Broken glass litters 500-foot stretch of Kahala Beach
I went to walk barefoot on the southwest side of Kahala Beach recently but had to turn around because there was so much broken glass everywhere. The glass was clear, green or brown. Some pieces looked like the necks and bottoms of beer bottles. Most pieces were smaller than 3 inches. I thought they might have been from people partying on the beach, but I walked for about 200 feet and the glass didn't seem to end. Most were among the stretch of pebbles washed up by the waves. I wonder if they were put there deliberately to discourage people and dogs, or if someone trying to "make" beach glass. Is there a city/state department that can clean it up?
Answer: The state Department of Land and Natural Resources sent a maintenance crew from its Land Division to Kahala Beach on Tuesday.
The workers found broken glass along the shoreline in both directions from the area fronting Waialae Beach Park -- a stretch of about 500 feet, said DLNR spokeswoman Deborah Ward.
"They collected about one large Ziploc bag of broken glass," she said.
They also checked a spot further toward Diamond Head, where a public accessway near Hunakai Street intersects the beach, but found no glass there.
"From this kind of situation, it's easy to see how the thoughtless actions of a few create a safety hazard for others," Ward said.
Based on your initial description of the area, we checked first with the city Department of Parks and Recreation as to whether it would pick up the glass.
We were told that workers saw mostly green glass visible at low tide below the high-water mark located in front of homes on the Honolulu side of Waialae Park.
Because it did not front the city-owned park itself, we were advised to check with DLNR.
"We commend the person who called in for taking the time to report the problem; she was trying to do a good deed for the community," Ward said.
In the future, she said giving specific details to pinpoint a location helps staff to take action with the least amount of delay.
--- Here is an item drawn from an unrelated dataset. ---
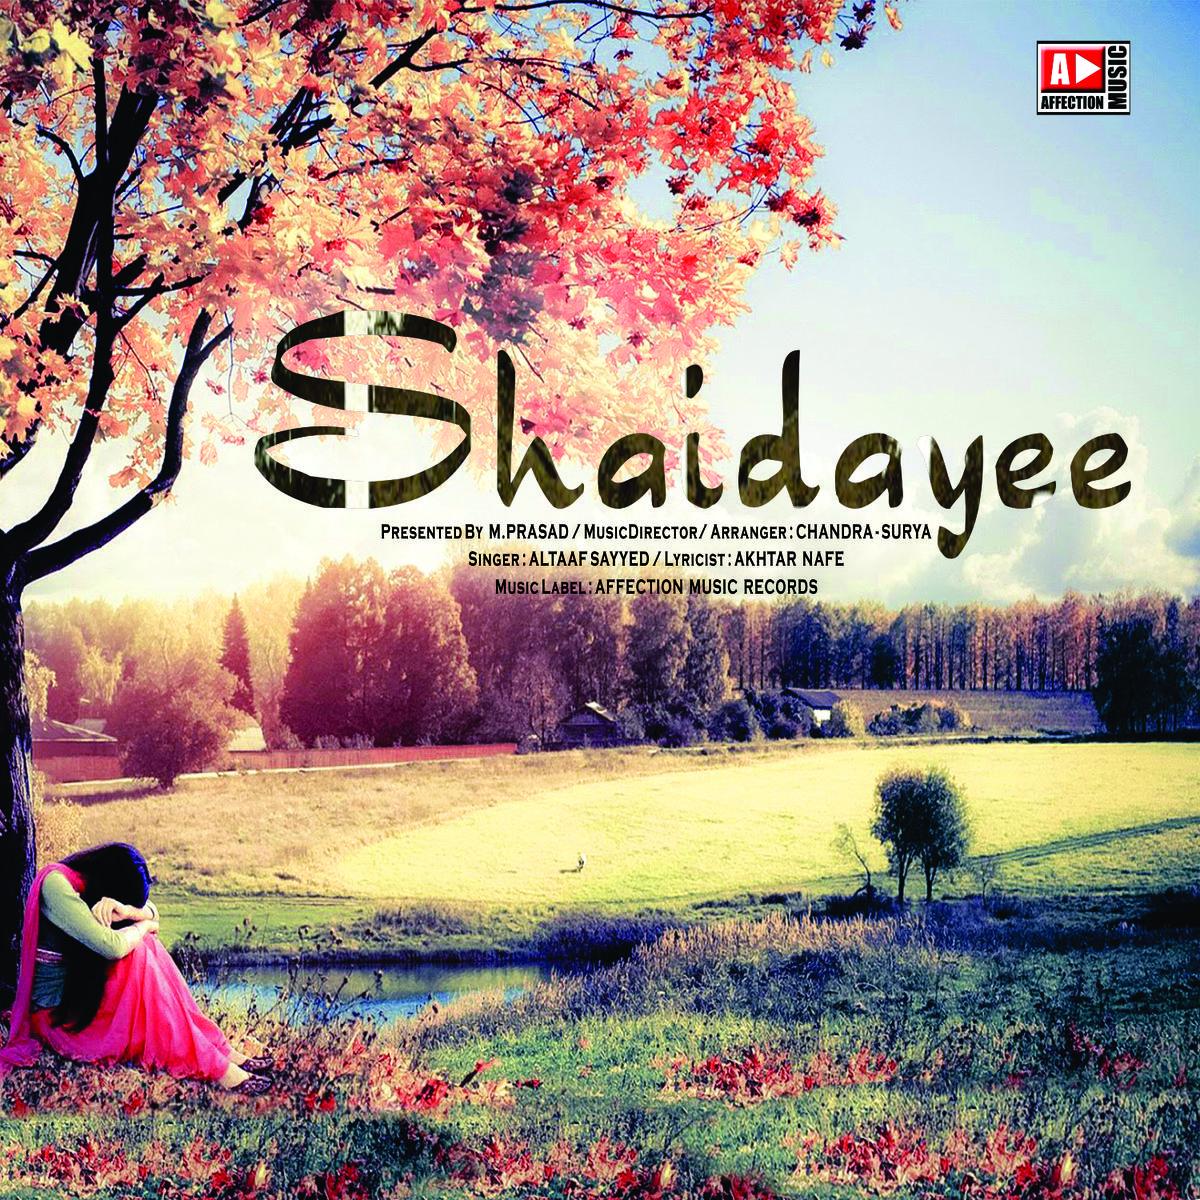 Shaidayee Song Download: Shaidayee MP3 Song Online Free on Gaana.com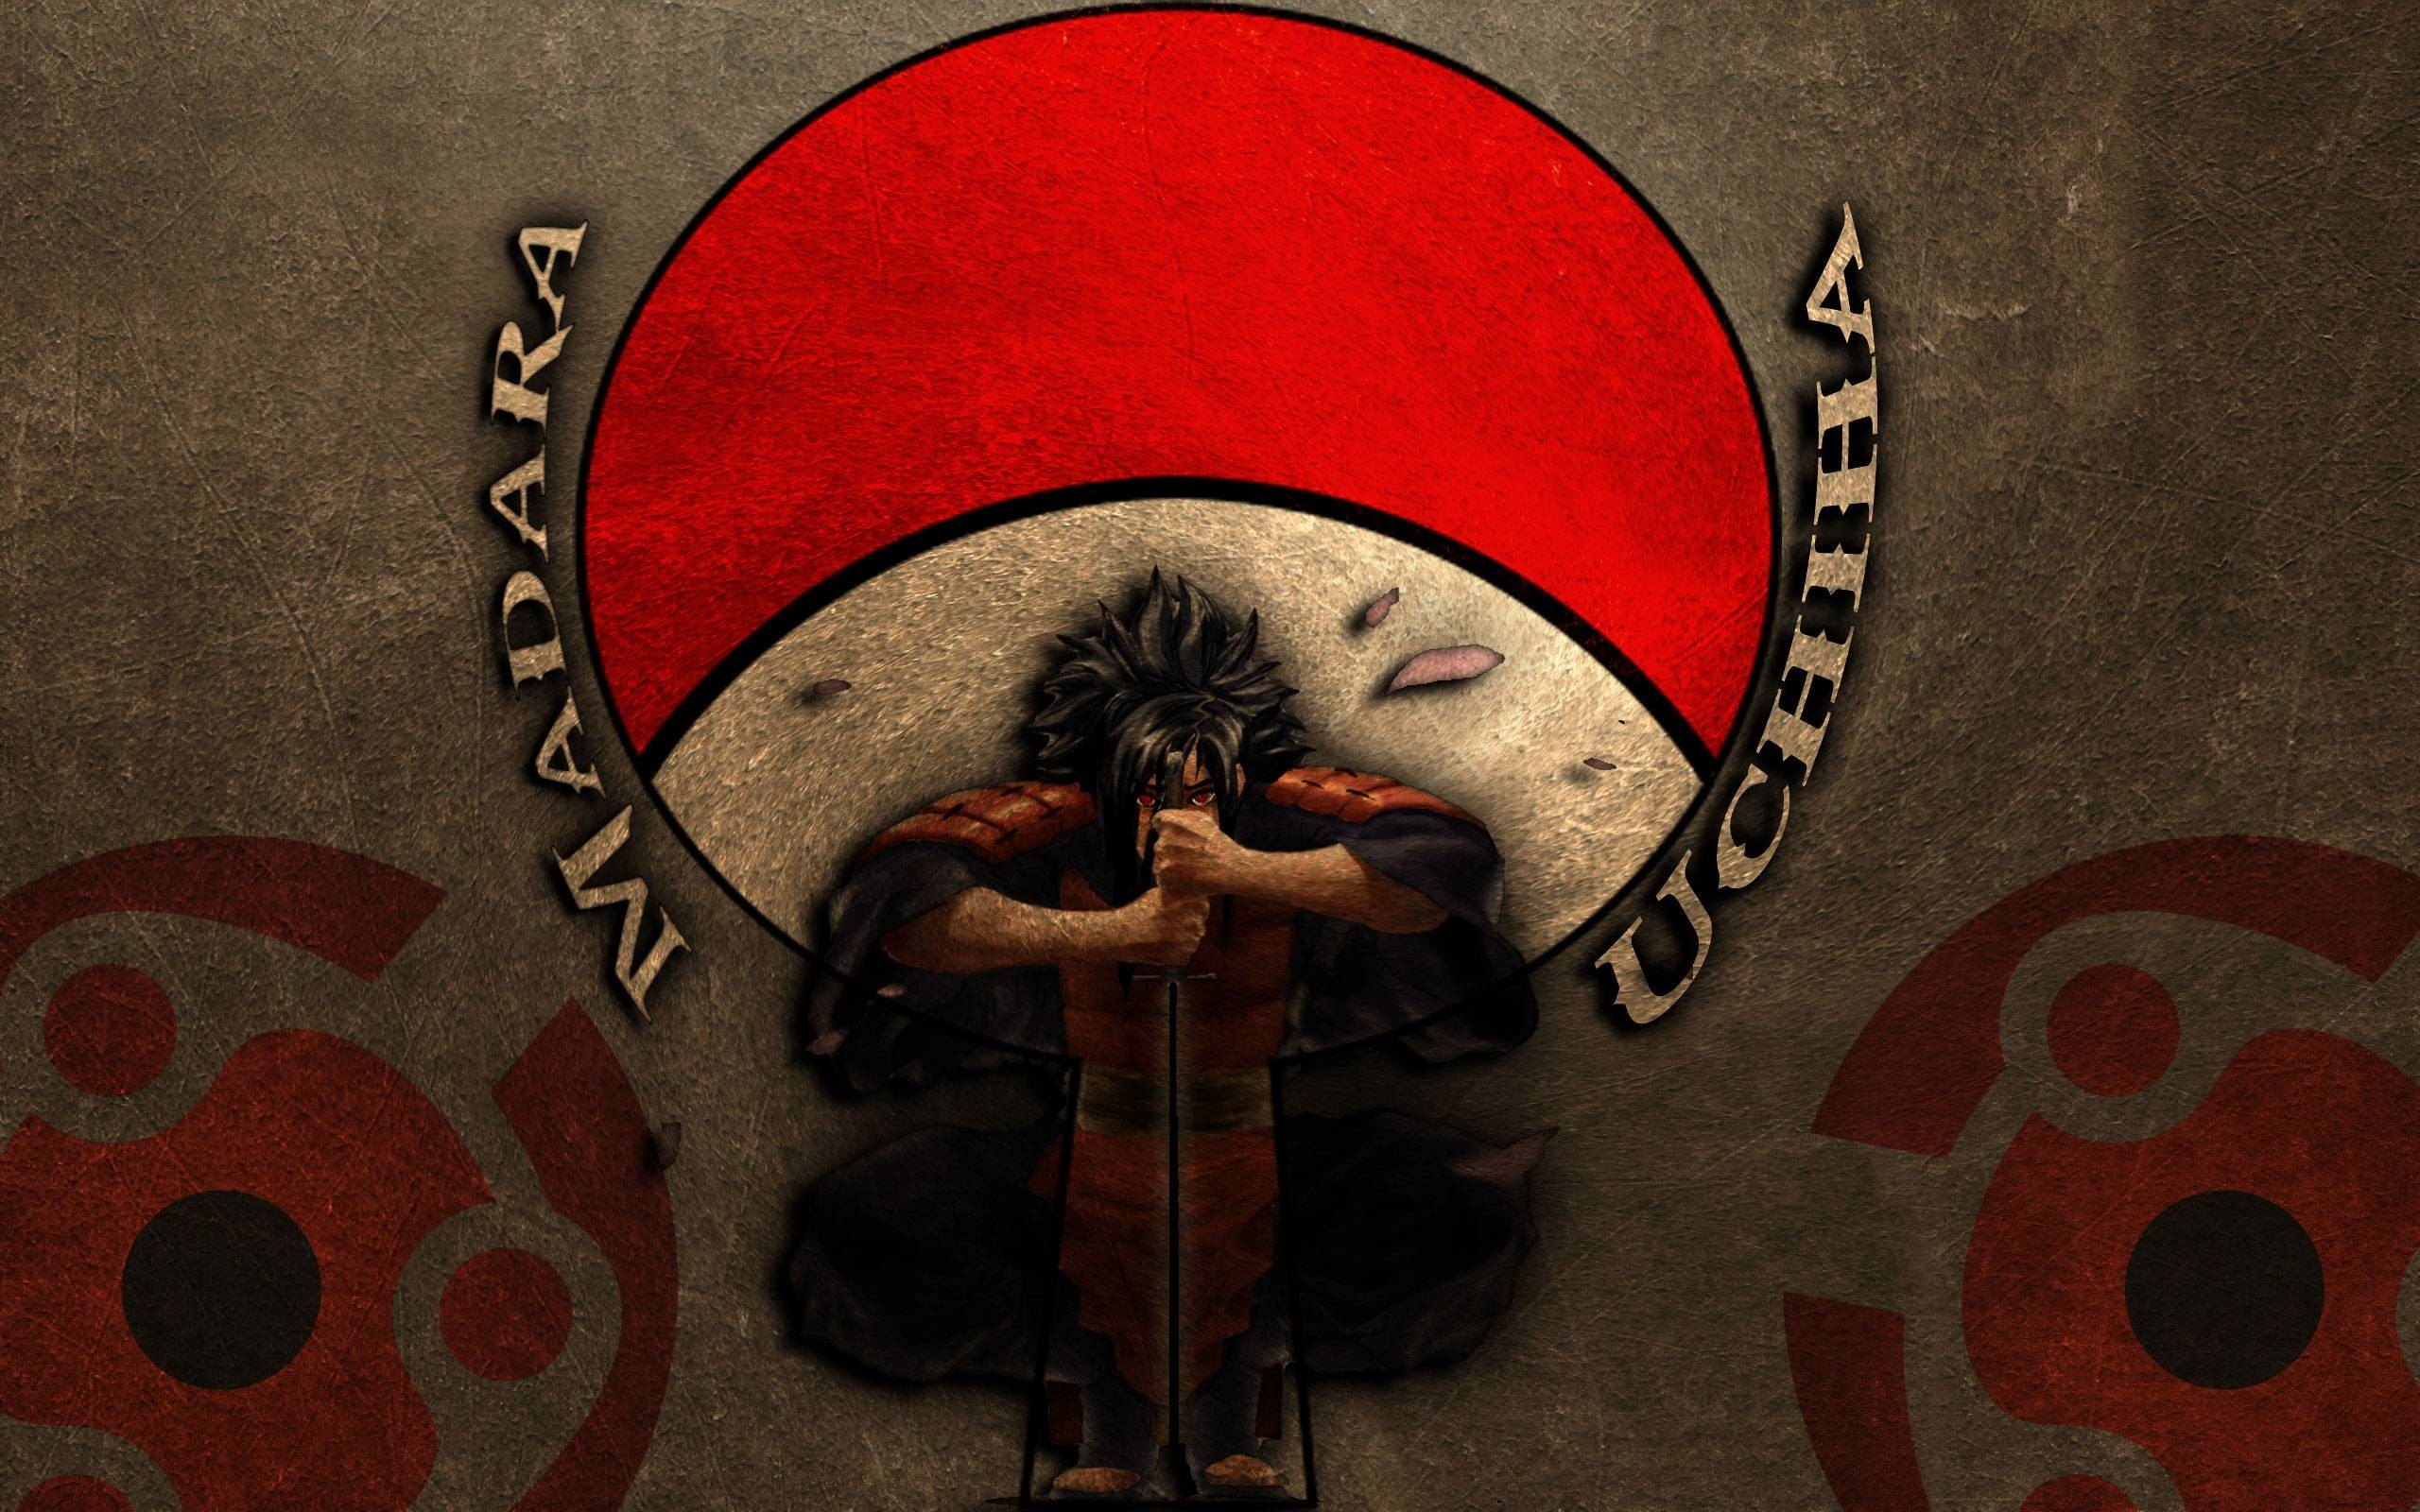 Uchiha Clan Wallpaper 258 Wallpapers | Wallver.

Q: Regarding your July 5, 2007, "Kokua Line": What is the status of naming Roosevelt High School's athletic field in honor of Ticky Vasconcellos?
A: Work on installing artificial turf for the football field and an all-weather track is not expected to be fully completed until June.
Once the $4 million project is completed, a dedication ceremony naming the field the Edmund "Ticky" Vasconcellos Stadium will be scheduled, said Principal Ann Mahi.
Graduation ceremonies are scheduled to be held in the stadium on May 31, even though work on the track might be continuing.
Vasconcellos, who died in 1996, was a teacher, coach and athletic director at Roosevelt.
His football teams won three straight Interscholastic League of Honolulu championships in the mid-1950s.